In which case calculations could involve forces , accelerations and kinetic energy .

Industrial dampers are sometimes rated by the energy they can absorb in a certain time or within a certain contraction distance .

 

[A.T.]

we measured .073 m/s as the minimum force applied and .33 m/s as the maximum.

These are velocities, not forces.

To arrive at 3.65N and 16.5N,

How?

Nm torque on the axles to chose a range for the damper.

What is the damper supposed to achieve quantitatively?

 

[sophiecentaur]

Force is related to acceleration of mass, not to speed.
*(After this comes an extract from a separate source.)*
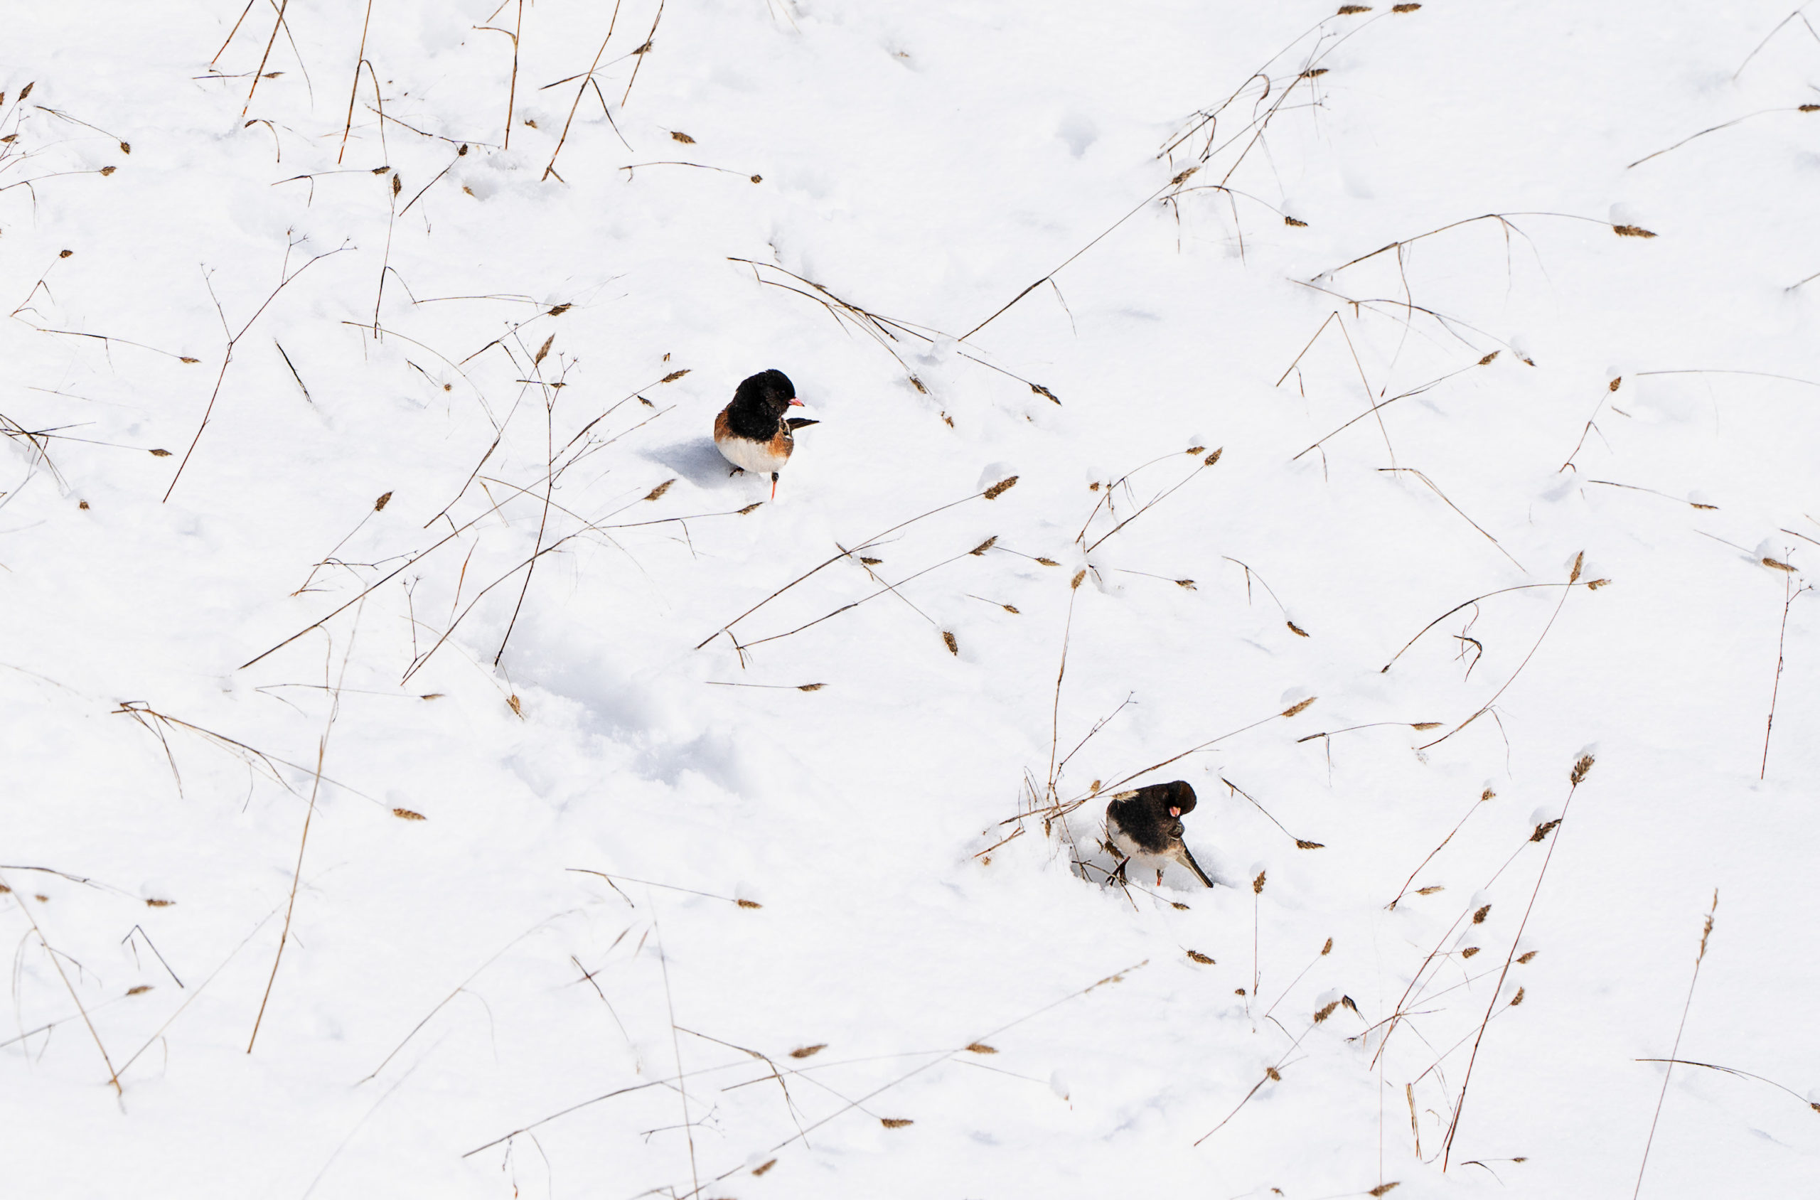 Two Little Birds, Each on my doorstep

If he is using a damper then it could relate to speed too. A rotating vane type would provide a speed limit but the OP is so unspecific of the type and where it would actually be used that it's hard to comment usefully.
Actually, if the requirement is to achieve nearer constant speed then a flywheel would add effective mass and 'resist' small speed changes.

I see, sorry I should of been clearer. It's just a normal cart on a horizontal plane with 4 wheel, two axles and someone pushing it. There are no springs or anything like that just two fixed axles rolling in sets of bearings.

ok . The only other application of a damper that I can think of is between the push bar and the cart itself . Arranged so as to possibly reduce jolting of the cart contents during initial start away and as the cart hits random bumps in the pathway ?

Where do you propose to put a damper so that will have the effect you want? It may all be in your head but it hasn't appeared on this thread yet. Without a diagram it is impossible to advance this.

 

[neil h]

This is a continual rotary damper dashpot attached to the axle by a timing belt or gears, the effect of the damping will be continual drag during motion. It dose not limit speed, though it would depending on the setting and it is not used as a break, it's just to apply a very small amount of resistance when pushing the part.

 

[neil h]

The dashpots are rated by the viscosity of the filling and I need a rough idea of the range of Nm force applied to the pot and radians per second to continue the discussion with the supplier about which dashpot to order, according to my maths it's the lightest viscosity one they make, if my maths is right.

 

[neil h]

But I'm not so confident on how to get from the meters per second acceleration and the weight of the cart to the Nm torque on the axle where it would be fitted.

 

[A.T.]

it's just to apply a very small amount of resistance when pushing the part.

Their resistance depends on the speed, not on the push force. You cannot control the maximal acceleration with them. You can only control the maximal speed for a given push force.

 

[neil h]

When the guy was trying to help me out on the phone, which was good of him, I've learned over the last year or so that industrial suppliers do not have much time for folk calling in without the correct specifications and drawings. Anyhow he started asking questions and he did ask me the radius of the wheels but we were stopped with the force applied. It's a bit of an odd one having someone pushing, motors are easy to look up but a push is a vague amount so I said I'd go away and work it all out and get back to him.

The part will do the job if I can put it in the right range and I can always put a gear ration on the transition to the damper to fine tune it but I need to be able to communicate what ball park I'm playing in.

 

[neil h]

That's the logic I called up with. I don't really understand why he wanted the Nm force. He asked for the speed in radions and the max Nm applied. Anyhow I have to call him back now so I'll see how I did I guess.